Leah Sobsey is an image maker, Associate Professor of Photography, curator and Director of the Gatewood Gallery at the University of North Carolina, Greensboro. Sobsey’s multidisciplinary photographic practice reaches into the fields of science, design, installation and textile. Often partnering with scientists, her photo-based work explores the natural world through archives and taxonomies with an experimental and materials-based approach to the medium of photography to explore the impacts of climate change and species loss. Her current exhibition, In Search Of Thoreau’s Flowers, documents species loss through Henry David Thoreau’s herbarium, open through 2023 at The Harvard Museum of Natural History. Her recent installations were exhibited at The Weatherspoon Art Museum, The Center for Photographic Art in Carmel, California, Duke Raleigh Hospital, The Nasher Museum of Art, The Moss Center at Virginia Tech, The Center for Fine Art Photography in Fort Collins, Colorado, The Fence Durham, and Rayko Photo Gallery in San Francisco, California. Her work is held in private and public collections across the country, including the North Carolina Museum of Art, Bill Gates-Microsoft, Fidelity Investments, Cassihaus, Duke Hospital, Duke Raleigh Hospital, Maine Media College, Rose Community Foundation Denver and many more. She has been an artist in residence at Virginia Center for the Arts, Dumbarton Oaks, Plant Humanities residency, Ayatana Research residency, Penland, Mother’s Milk, The National Park system, Vermont Studio Center, Hewnoaks artist colony, and Hambidge to name a few. Her images have appeared in New Yorker.com, the Paris Review Daily, Slate.com, Hyperallergic.com, The Telegraph, and many more.
Stephanie Sutton is an Assistant Professor at Winthrop University in Rock Hill, SC, specializing in photography and expanded media. Her performances for the camera employ labor and ritual to complicate assumptions of the fat body, discipline, and self-control.
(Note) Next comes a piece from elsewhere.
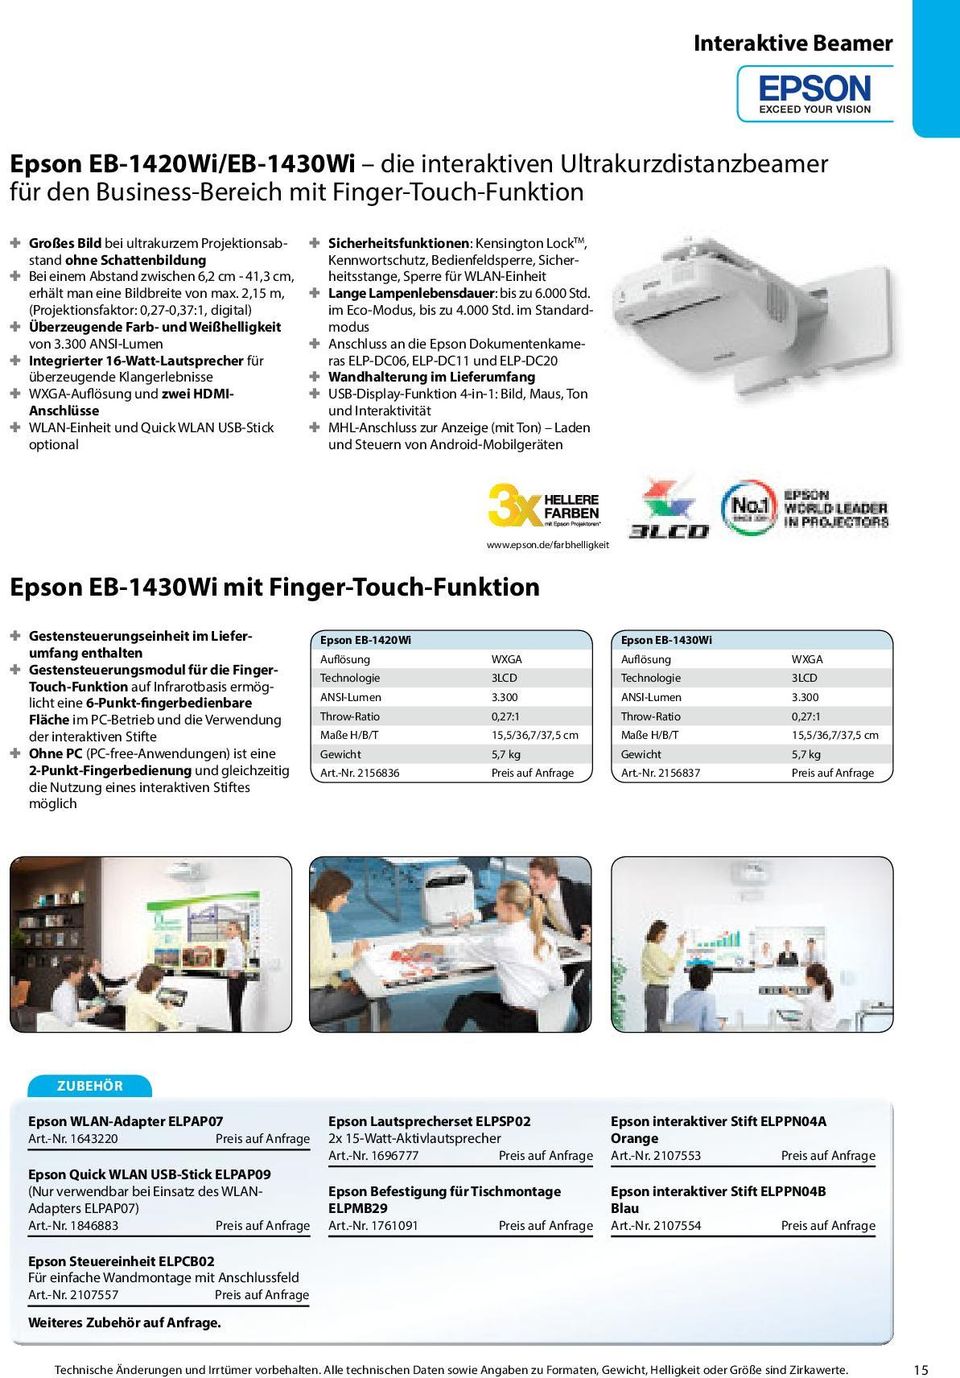 300 ANSI-Lumen Integrierter 16-Watt-Lautsprecher für überzeugende Klangerlebnisse WXGA- und zwei HDMI- Anschlüsse WLAN-Einheit und Quick WLAN USB-Stick optional Sicherheitsfunktionen: Kensington Lock

Her work is recognized for its success in transgressing the limits of the isolated subject and redirecting self-consciousness on to the viewer. Sutton earned her MFA from the University of Georgia, and her BFA from Georgia State University.
Angela Franks Wells is a photography-based artist specializing in 19th century photographic processes. As an educator, she is committed to facilitating creative thinking and skilled making with her students. Her recent creative endeavors are about playful investigation and finding levity. Angela is an Associate Professor of Photography at East Carolina University in Greenville, NC. where she enjoys the lush greenery of the south, proper weather storms, and the benefits of natural humidity in the studio.
Joshua White uses wet plate collodion, cell phone photography, and traditional techniques to investigate space, memory, ecology, and place. His work has been published in National Geographic, and featured by Wired, Mother Nature Network, Scientific American, Don’t Take Pictures, The Hand, and Gizmodo. His exhibition record includes solo exhibitions across the US. White is an Associate Professor and the Photography Program Coordinator at Appalachian State University in Boone, NC.